SBABM Media

August 15, 2006
Voting right:86 years ago, a New Ashford woman made history

By Bonnie Obremski, North Adams Transcript

NEW ASHFORD - Forecasts threatened overcast skies and possible snow for Berkshire County on Nov. 2, 1920, as
Phoebe Jordan marched down from her farm on Brodie Mountain and quietly made national history.

She approached the schoolhouse in a pre-dawn darkness broken only by lanterns dangling from the work-worn fingers of her neighbors. According to reports, 34 of 36 registered voters in town had postponed the morning milking to mark their ballots.

The early morning effort was not only a duty to the nation, but a fulfillment of town legend. New Ashford votes were the first in the country to be counted in the last presidential election. In 1916, it had been a point of pride for the men. In 1920, however, the 19th Amendment - ratified 86 years ago this month - allowed women to share in the honor and Jordan was first in line.

The first woman to vote in a presidential election was a mysterious figure according to 91-year-old Cecile Love. Love was just 5 years old when Jordan first contributed to the ballot box, but Love said she still remembers the sturdy woman who always wore a hat.

"She was never married," said Love, dusting off fragments of town gossip. "But she had two men living with her."
Local historian Edward LeFebvre, 81, did not know Jordan personally, but collected newspaper clippings of her achievements in suffrage over the years.

"I think if she was a woman in the big city, she would have been one of the people involved in the movement," said LeFebvre, flipping through photographs of Jordan at the polls, "She had a one-track mind."

Love, however, said she disagreed. "I think she was just a nice, independent lady."

Love and LeFebvre described life in New Ashford in the early 20th century.
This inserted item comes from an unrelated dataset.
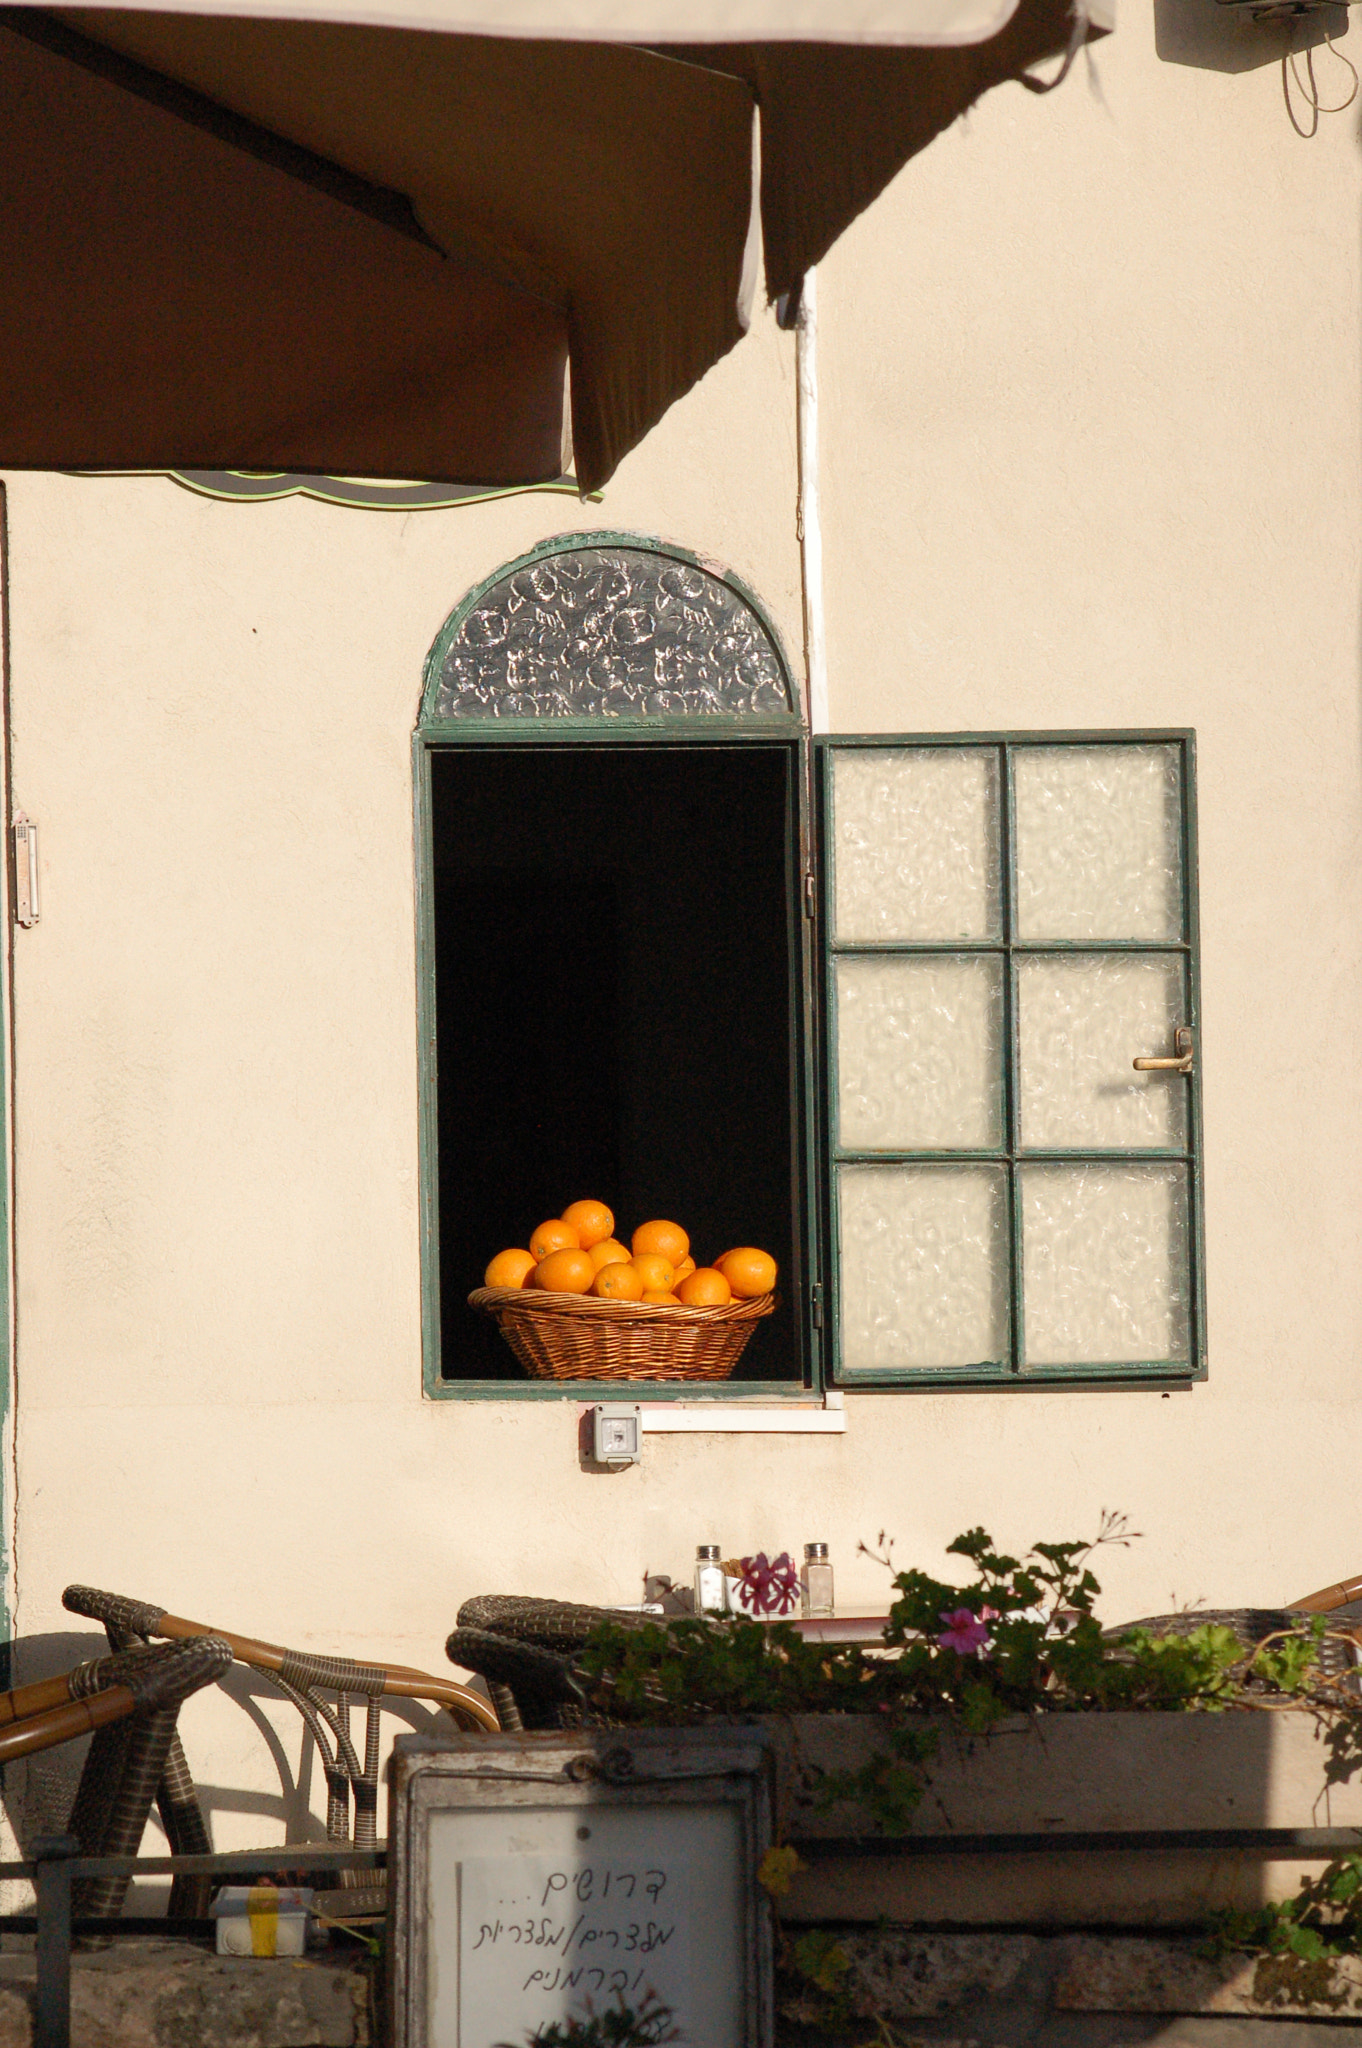 Nikon D50 sample photo. Fruit from the window photography

The community was tied together by women who were strong, but who had few choices.

"I think all the men I knew thought that women should be pregnant," said Love.

Love's family owned a farm on what is now Route 7. She grew up without electricity, indoor plumbing or, for the most part, money.
"We never bought anything," said Love, "What we had, we raised it. When I was first married, we only had $19."

Love's father churned butter and brought it via horse and buggy to sell to Williams College professors. When he returned, sometimes he brought candy for his children. The rest of the money bought fuel for kerosene lamps.
"When I dream of those days, it's always very dark," said Love.

Though Love's family rarely left New Ashford, she said you never talked about being bored.

"If I had said I was bored, my father would have just said, 'Well, go milk the cows,'" said Love.

Eagle scoop
Sources of town entertainment included weekly games of whist and occasional square dances. In the 1936 presidential election, an article printed in Time Magazine said The Berkshire Eagle held a turkey supper and square dance for New Ashfordites to squeeze the secret on how the town would vote. At that time, New Ashford's expedient voting was national news and NBC was vying to scoop The Eagle on the story. The Eagle got it in the end, however. Not only did the townspeople spill the secret at the square dance, but an Eagle reporter slept all night in New Ashford's filling station, next to the town's only phone, to make sure no other news sources called sniffing for a lead.

"The story was kept under cover till 15 hours before the opening of the polls, then 'broken' in The Eagle," said the Time article, which concluded, "Featured voter: Miss Phoebe Jordan who announced that she was switching from the GOP to plump for Roosevelt."

(Once first in the nation, New Ashford's luster has paled: In 2000, none of the 202 registered voters turned out.)
The tone of the news clips released Election Day in the North Adams Transcript 16 years earlier, however, was a bit more patronizing.

"Contrary to the fears expressed by many that the women would cause disorder and extensive confusion at the polling places ... the women caused almost no trouble," wrote one reporter. "In not a few cases where man and wife appeared together ... the weaker half of the family had finished ... first."

A political cartoon displayed a few pages beyond the article showed an embarrassed-looking young man walking by a group of women chatting about voting in the election. The caption indicates that the young man is embarrassed because he is three months short of being old enough to vote - yet the women can. The cartoon title: "Life's Darkest Moment."

Listed in paper
Jordan's name was listed that day in the paper along with 11 other women and 22 men as being the first citizens to vote in the election between Republican Warren G. Harding and Democrat James M. Cox. New Ashford and the nation voted Harding into office.

"She was a hard worker," said Love, giving the last of the few details that remain of the farmer of Brodie Mountain. Jordan's name is not in history textbooks, but it is on a small plaque on the chipped, white schoolhouse in the center of town. Her name is spelled wrong: It says "Phobe."

Looking through the rippled windowpanes, the space is only large enough for a few desks and a small chalkboard, for a ballot box and a few women who stood in front, while a line of men waited behind them one day on a snow-scented November morning.